Declare the restart behaviour:

supervisor CacheSystem {
    strategy: OneForOne

    children {
        CacheManager {
            restart: Permanent
            cache_version: 0
            eviction_count: 0
            last_cleanup: ""
        }
    }
}

Step 6: Configure

Set up persistence and observability:

# grove.toml
[project]
name = "cache-system"

[persistence]
backend = "sqlite"
path = ".sage/cache_state.db"

[supervision]
max_restarts = 5
within_seconds = 60

[observability]
backend = "otlp"
otlp_endpoint = "http://localhost:4318/v1/traces"
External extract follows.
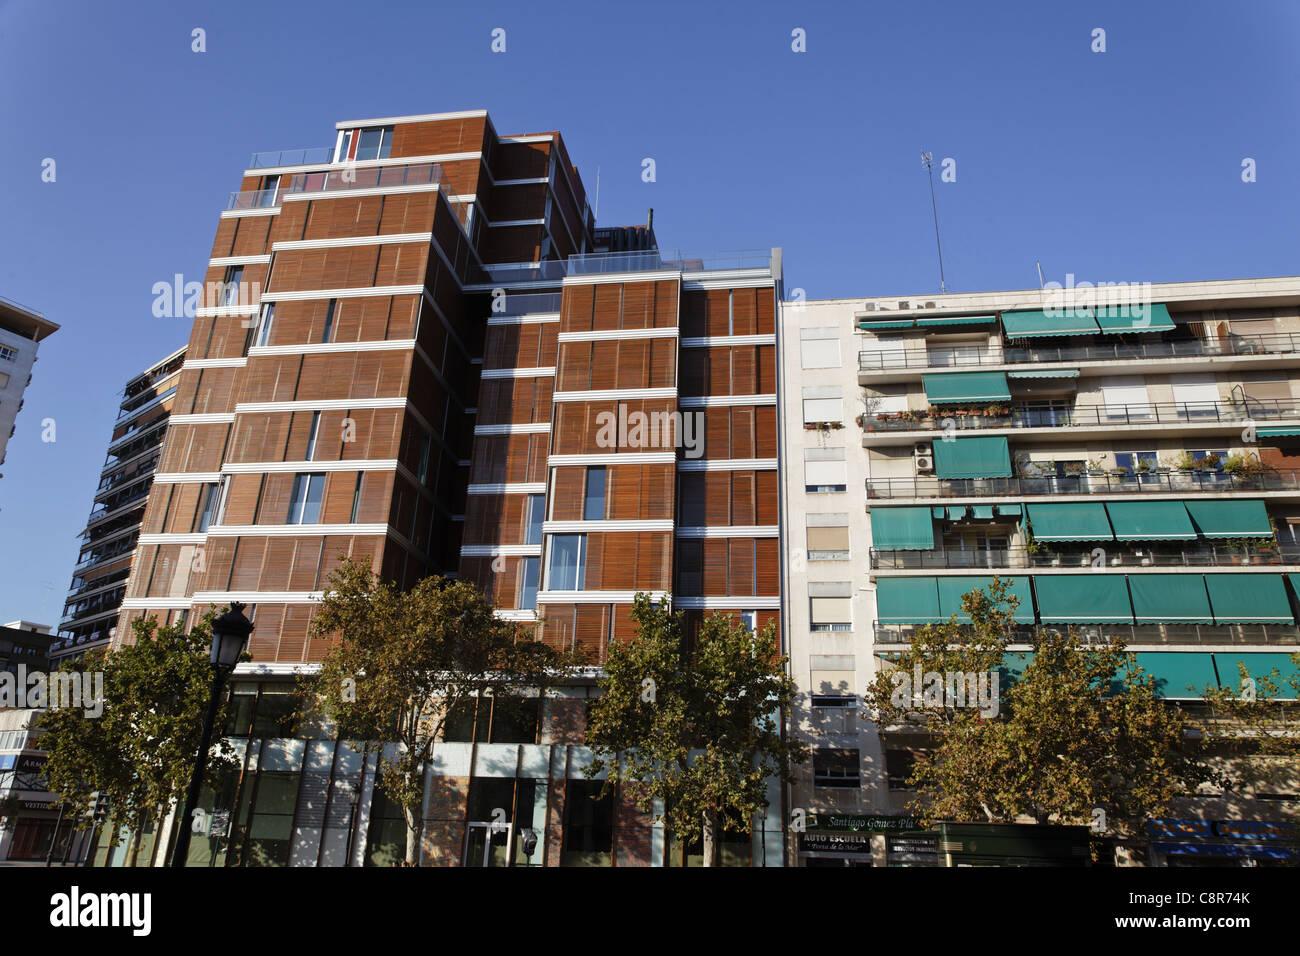 Plaza Porta del Mar, moderne Architektur, Immobilien, Valencia, Spanien Stockbild

Example: Database Guardian

A complete steward application that monitors a PostgreSQL database:

// Types
record QueryStats {
    slow_count: Int,
    avg_ms: Float,
}

// Protocols
protocol AlertProtocol {
    QueryMonitor -> AlertSender: Alert
    AlertSender -> QueryMonitor: Acknowledged
}

record Alert {
    severity: String,
    message: String,
}

record Acknowledged {}

// Query Monitor Steward
agent QueryMonitor
    uses Database
    follows AlertProtocol as QueryMonitor {

    @persistent check_count: Int
    @persistent alert_count: Int

    on waking {
        trace("Resuming monitoring, {self.check_count.get()} checks done");
    }

    on start {
        loop {
            span "monitoring cycle" {
                let stats = try Database.query(
                    "SELECT COUNT(*) as cnt, AVG(mean_exec_time) as avg " ++
                    "FROM pg_stat_statements WHERE mean_exec_time > 500"
                );

                self.check_count.set(self.check_count.get() + 1);

                if has_problems(stats) {
                    send(alert_sender, Alert {
                        severity: "warning",
                        message: "Slow queries detected",
                    });
                    self.alert_count.set(self.alert_count.get() + 1);
                }
            }

            sleep_ms(60000);  // Check every minute
        }
    }

    on error(e) {
        trace("Monitor error: {e.message}");
        yield(1);
    }
}

// Alert Sender Steward
agent AlertSender
    uses Http
    follows AlertProtocol as AlertSender
    receives Alert {

    @persistent alerts_sent: Int

    on message(alert: Alert) {
        let payload = json_stringify(alert);
        try Http.post("https://hooks.slack.com/...", payload);
        self.alerts_sent.set(self.alerts_sent.get() + 1);
        reply(Acknowledged {});
    }

    on start {
        yield(0);
    }
}

// Supervisor
supervisor DbGuardian {
    strategy: OneForOne

    children {
        QueryMonitor {
            restart: Permanent
            check_count: 0
            alert_count: 0
        }
        AlertSender {
            restart: Permanent
            alerts_sent: 0
        }
    }
}

run DbGuardian;

When to Use Stewards

Use the steward pattern when:

  • Continuous operation: The system should run indefinitely
  • State matters: Losing state on crash would be costly
  • Coordination required: Multiple agents must work together
  • Recovery is important: Crashes should be handled gracefully

Don’t use stewards for:

  • One-shot tasks: Simple agents that run once and exit
  • Stateless workers: Agents that don’t need to remember anything
  • Single-agent programs: No coordination needed

Summary

The steward pattern combines:

FeaturePurpose
@persistent beliefsState that survives restarts
supervisor declarationsAutomatic crash recovery
uses clausesTyped tool capabilities
follows clausesProtocol-verified communication
Lifecycle hooksResource management
ObservabilityProduction visibility

Together, these features enable infrastructure-as-intent: you declare what you want each steward to maintain, and the language runtime ensures it is maintained.